**Source data**
-------

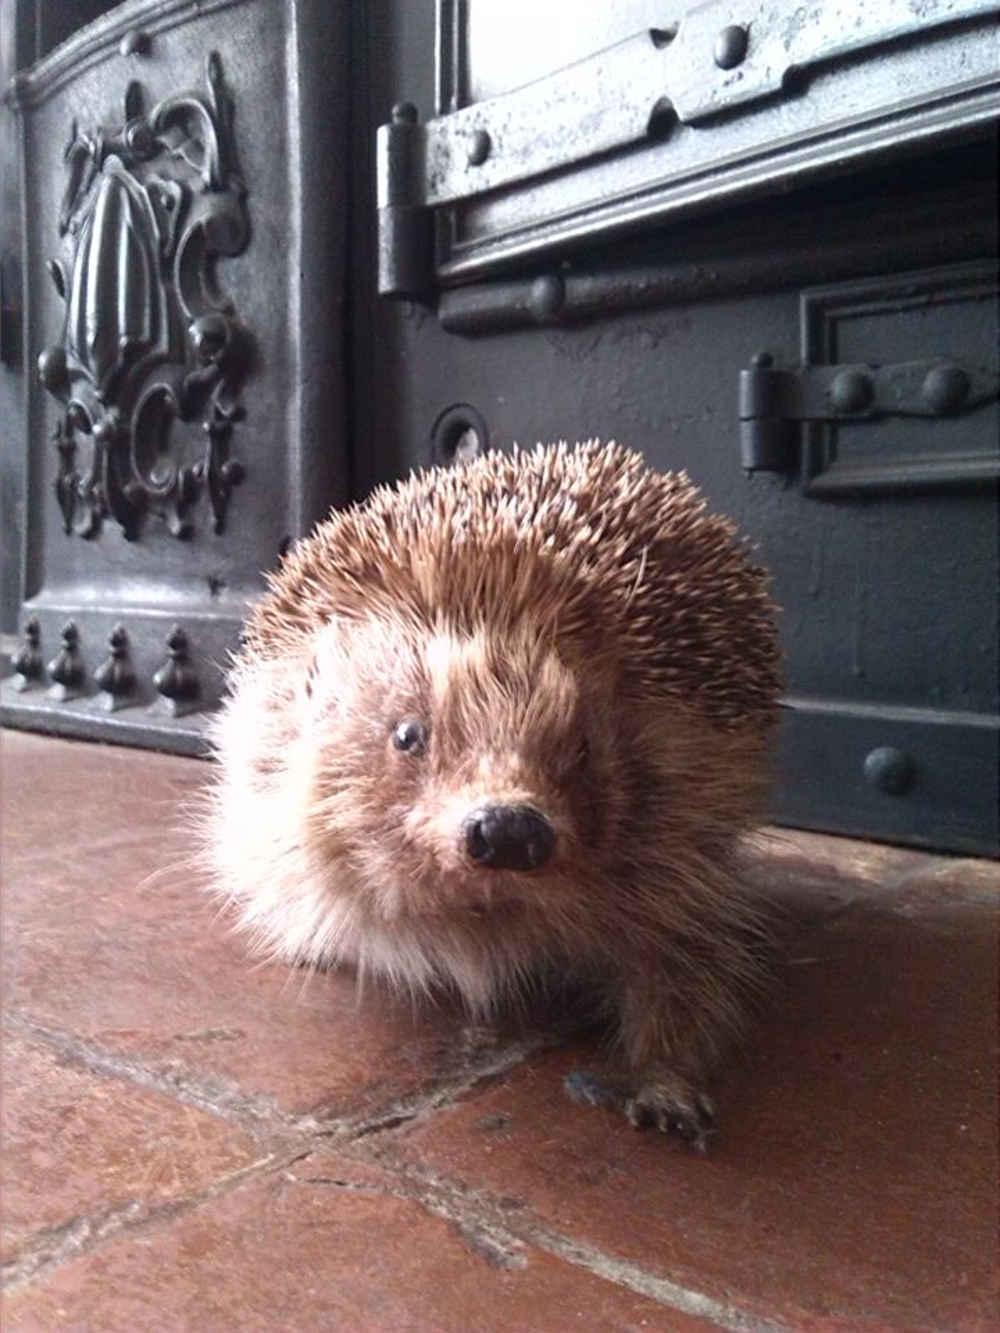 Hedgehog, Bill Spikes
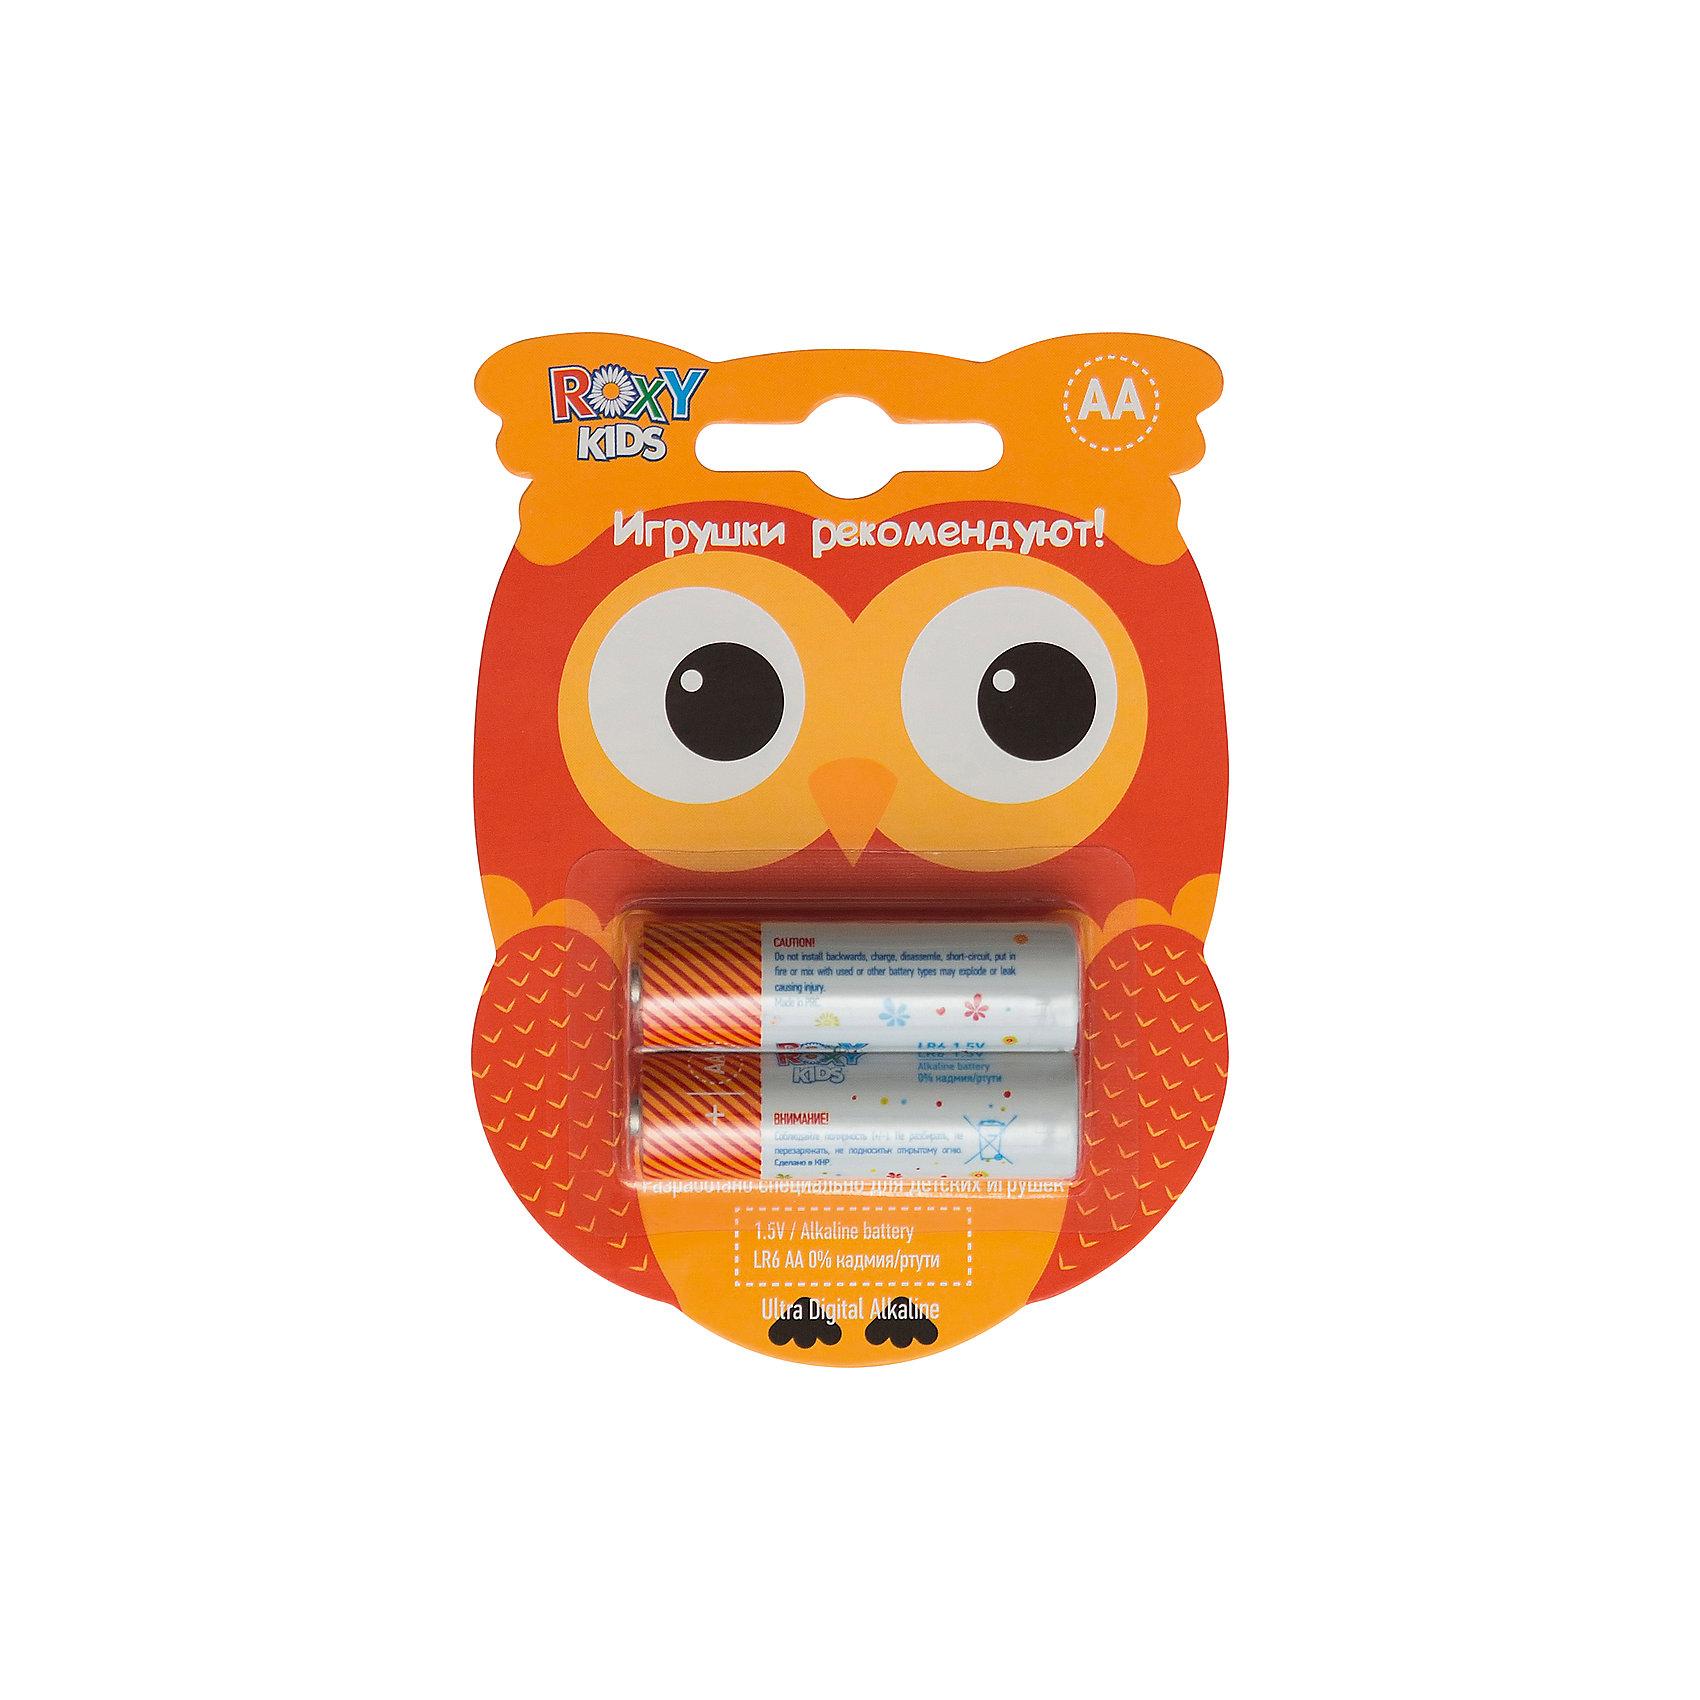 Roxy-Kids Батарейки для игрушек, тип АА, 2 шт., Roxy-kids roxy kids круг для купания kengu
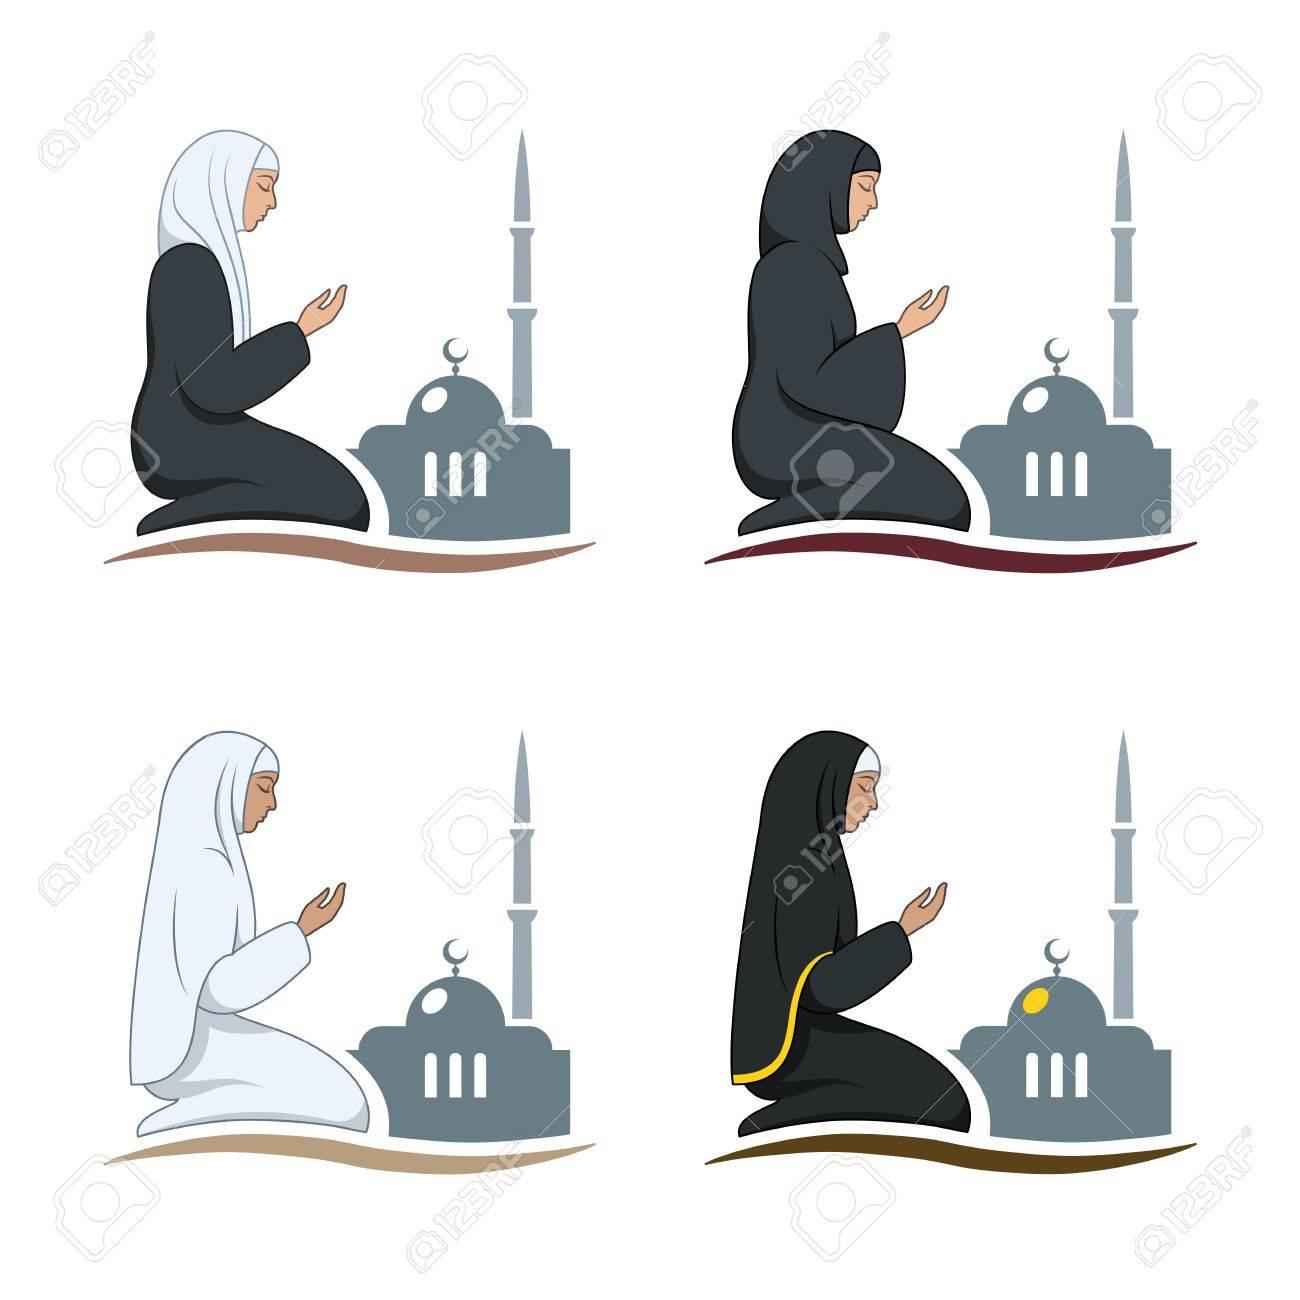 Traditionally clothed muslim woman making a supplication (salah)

-------

Reproduce the data above line for line, excluding every picture.

**Response to this exercise**
 Hedgehog, Bill Spikes
 Roxy-Kids Батарейки для игрушек, тип АА, 2 шт., Roxy-kids roxy kids круг для купания kengu
 Traditionally clothed muslim woman making a supplication (salah)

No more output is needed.